_PROBLEM REQUIREMENTS_
Exact reproduction is required for the lines below starting at the line with "ODBC Women's PTech" and ending at the line with "Neu mit Etikett: Gucci", both included. No other lines, and no pictures.

_RECORD EXTRACTS_
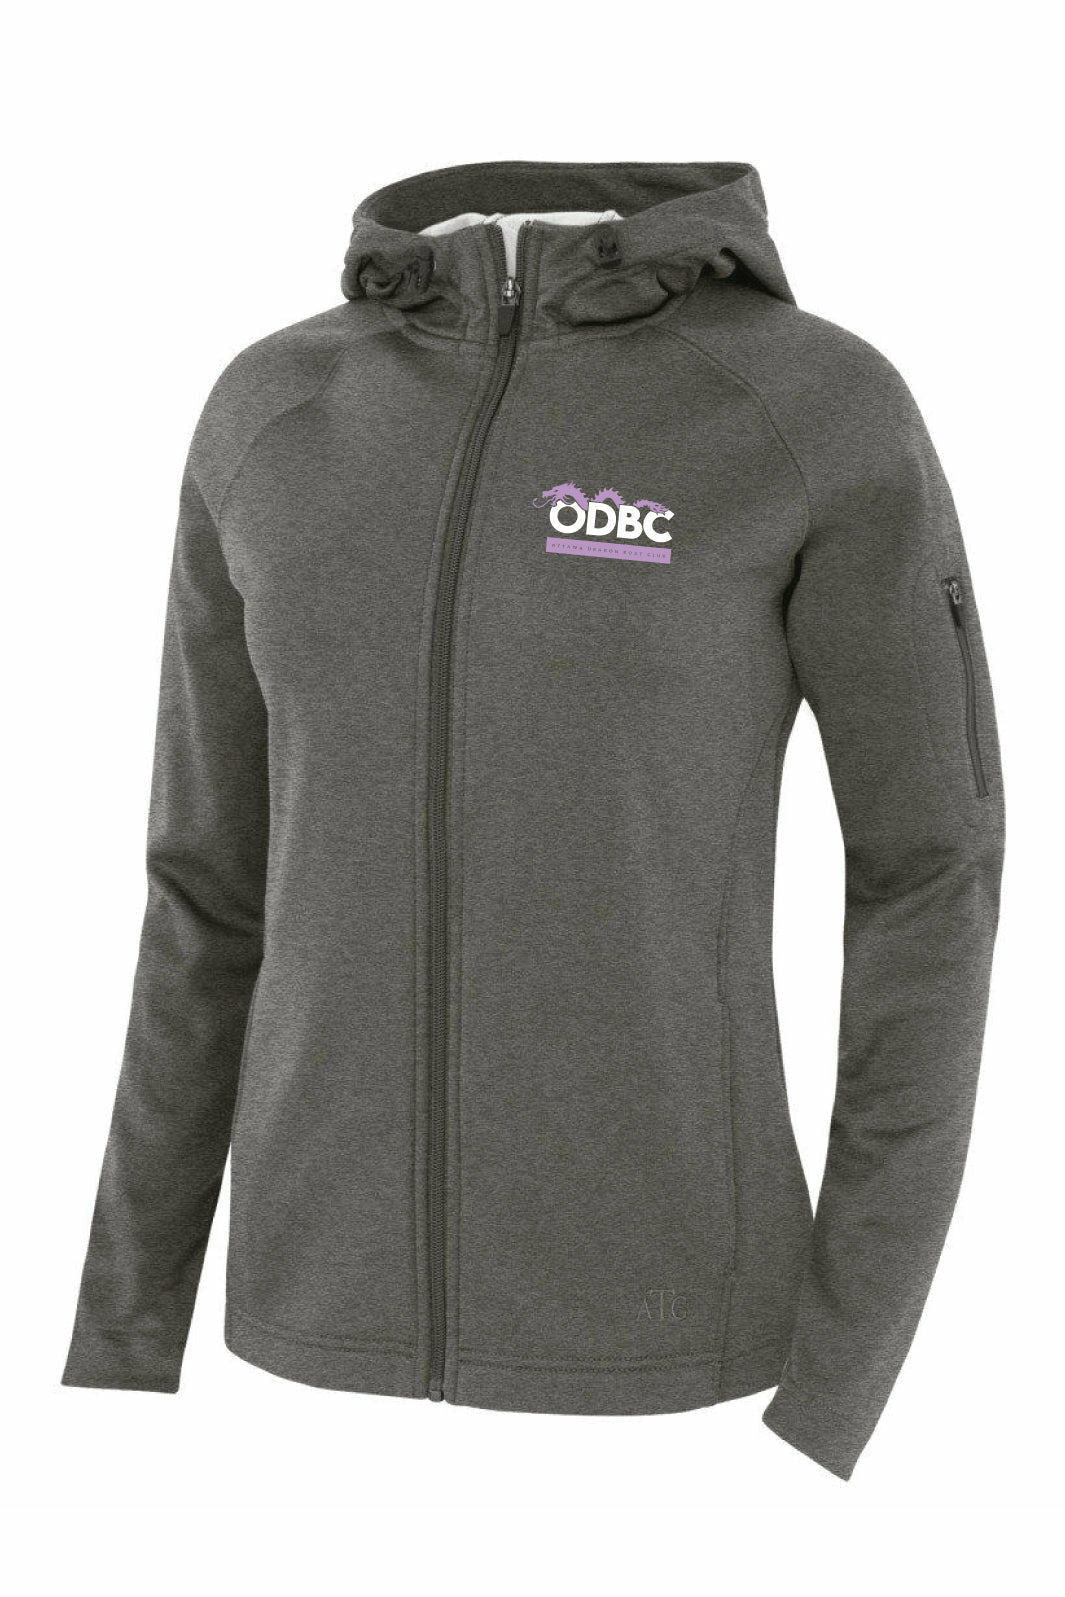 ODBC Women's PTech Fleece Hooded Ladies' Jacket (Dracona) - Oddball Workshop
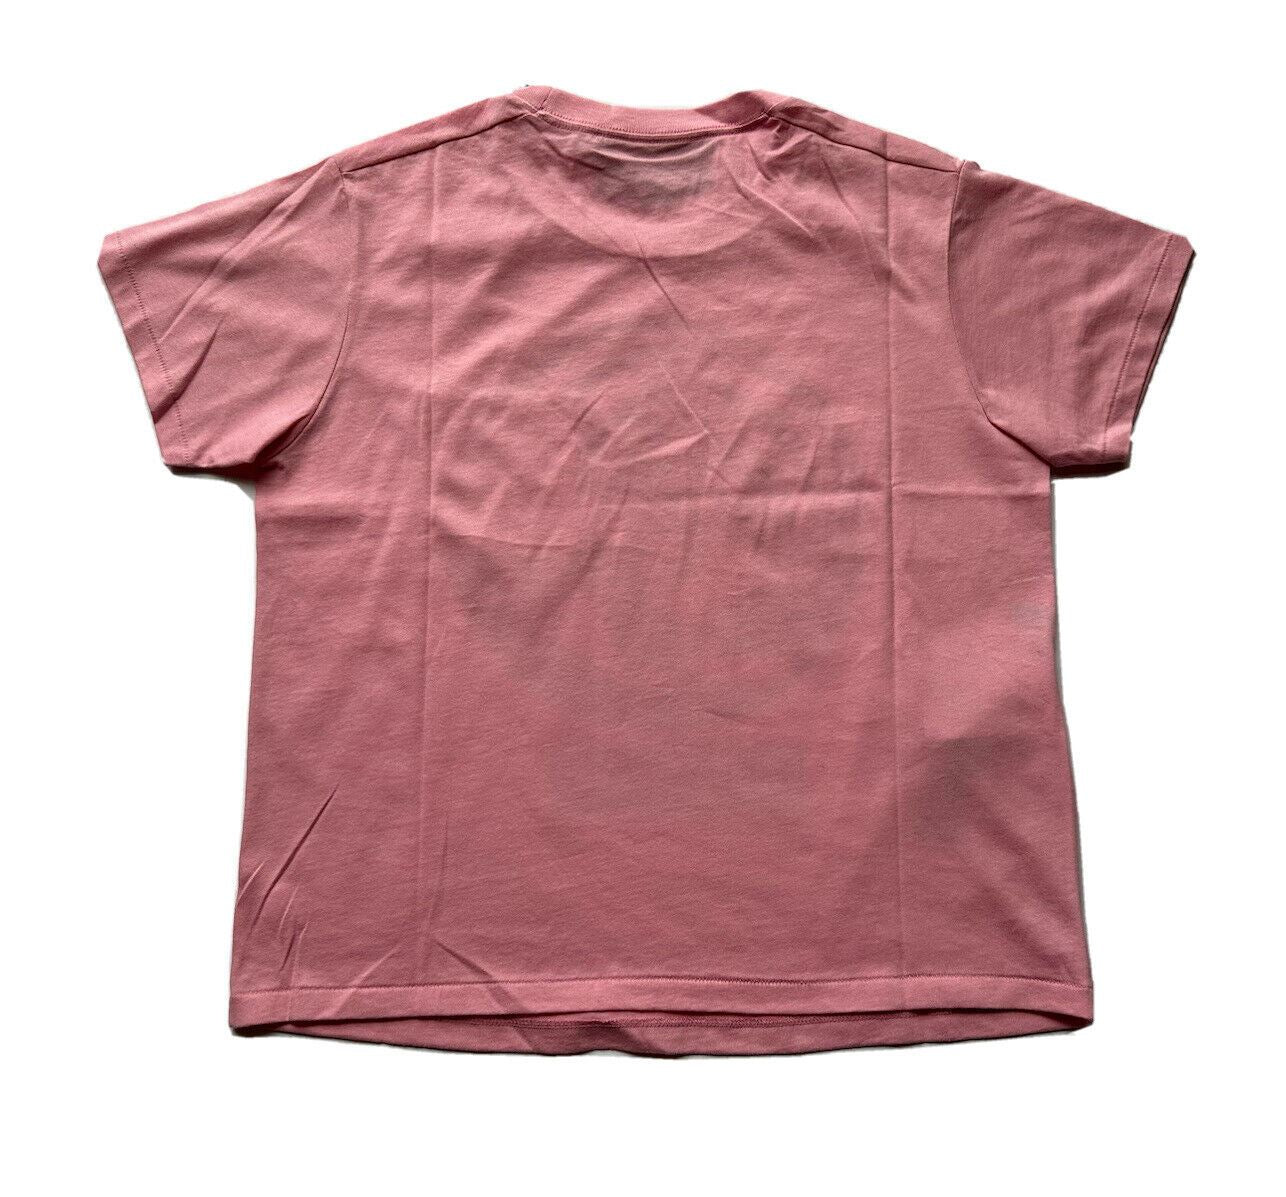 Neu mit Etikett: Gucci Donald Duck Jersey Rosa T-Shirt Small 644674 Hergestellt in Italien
---
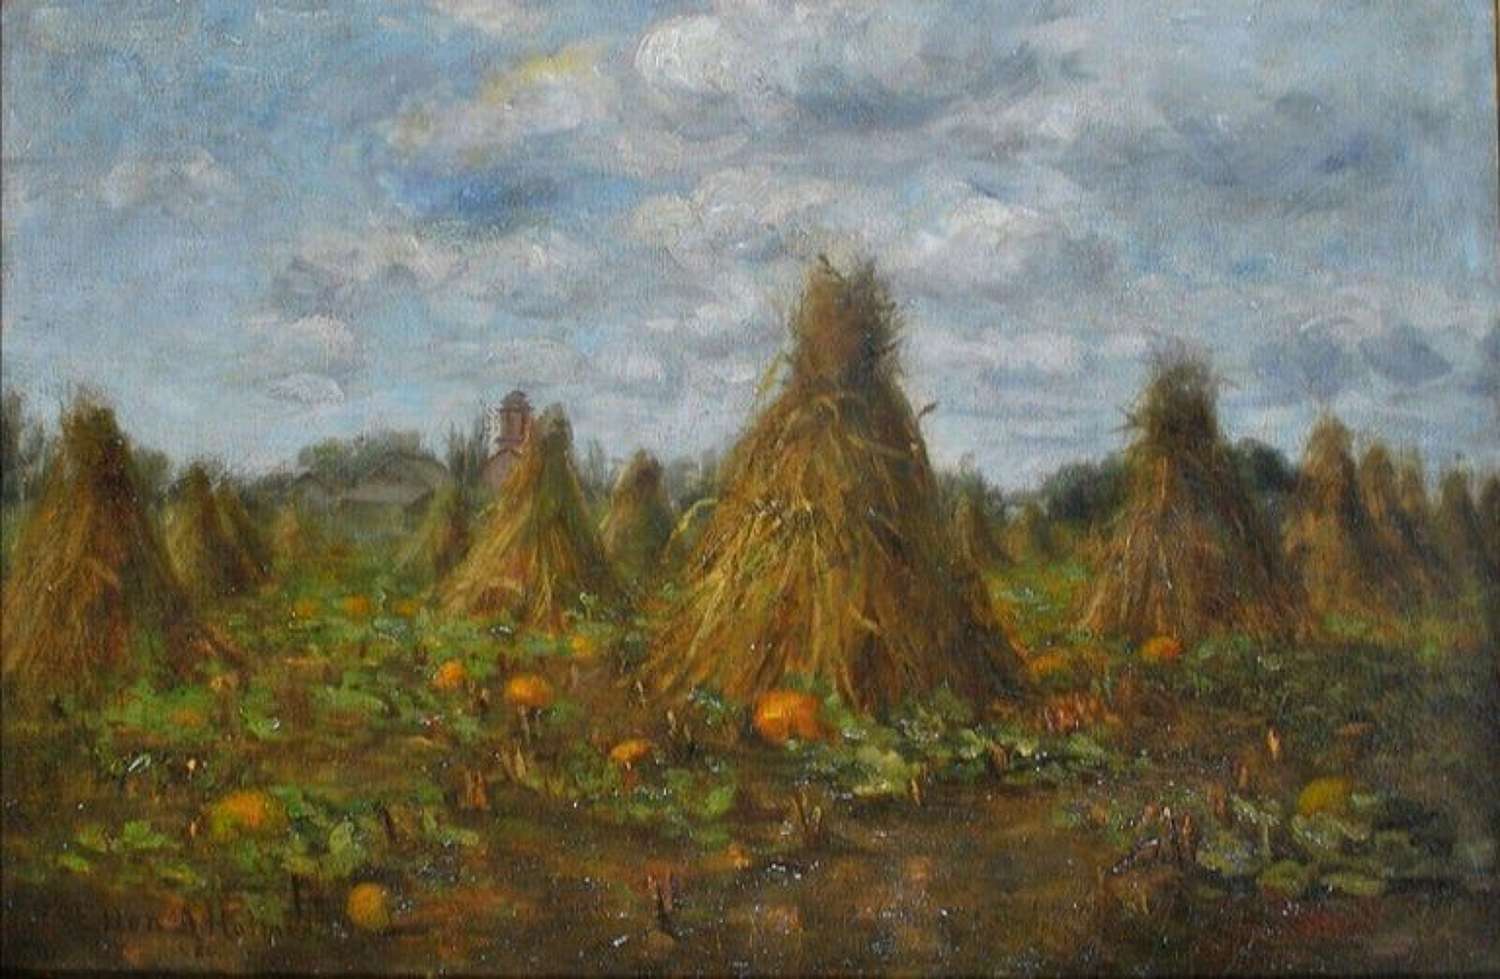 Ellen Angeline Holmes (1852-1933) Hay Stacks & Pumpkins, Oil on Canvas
...
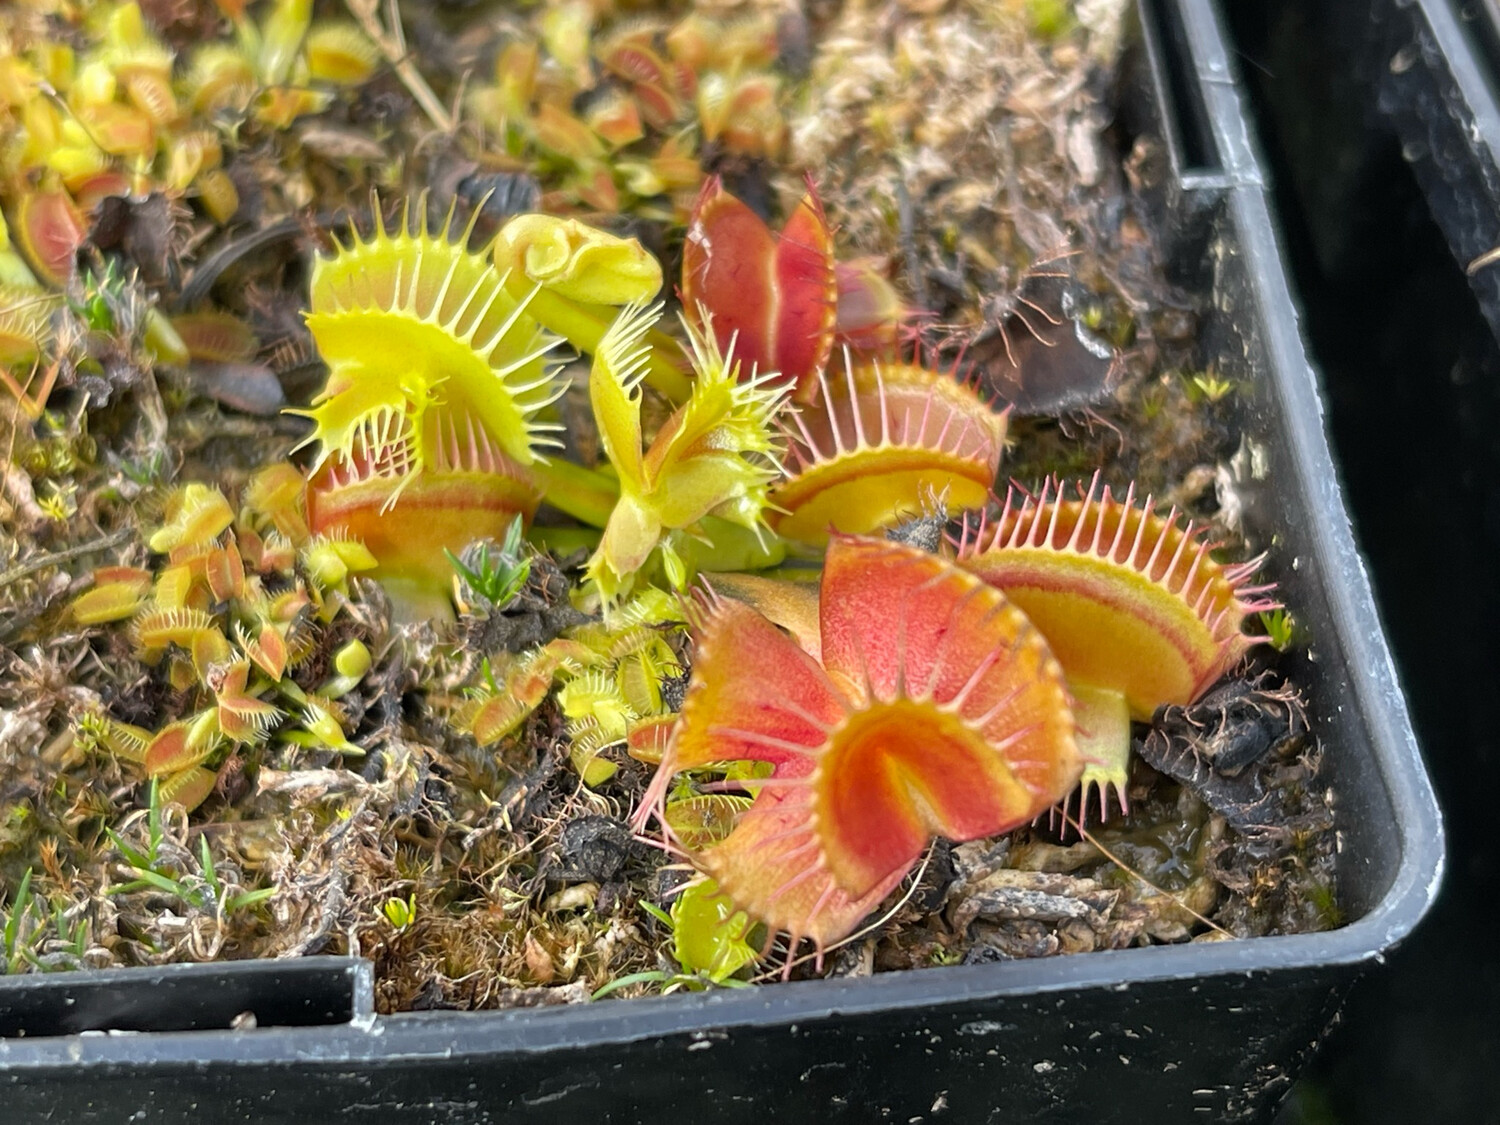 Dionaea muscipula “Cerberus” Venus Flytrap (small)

_RESPONSE AREA_
 ODBC Women's PTech Fleece Hooded Ladies' Jacket (Dracona) - Oddball Workshop
 Neu mit Etikett: Gucci Donald Duck Jersey Rosa T-Shirt Small 644674 Hergestellt in Italien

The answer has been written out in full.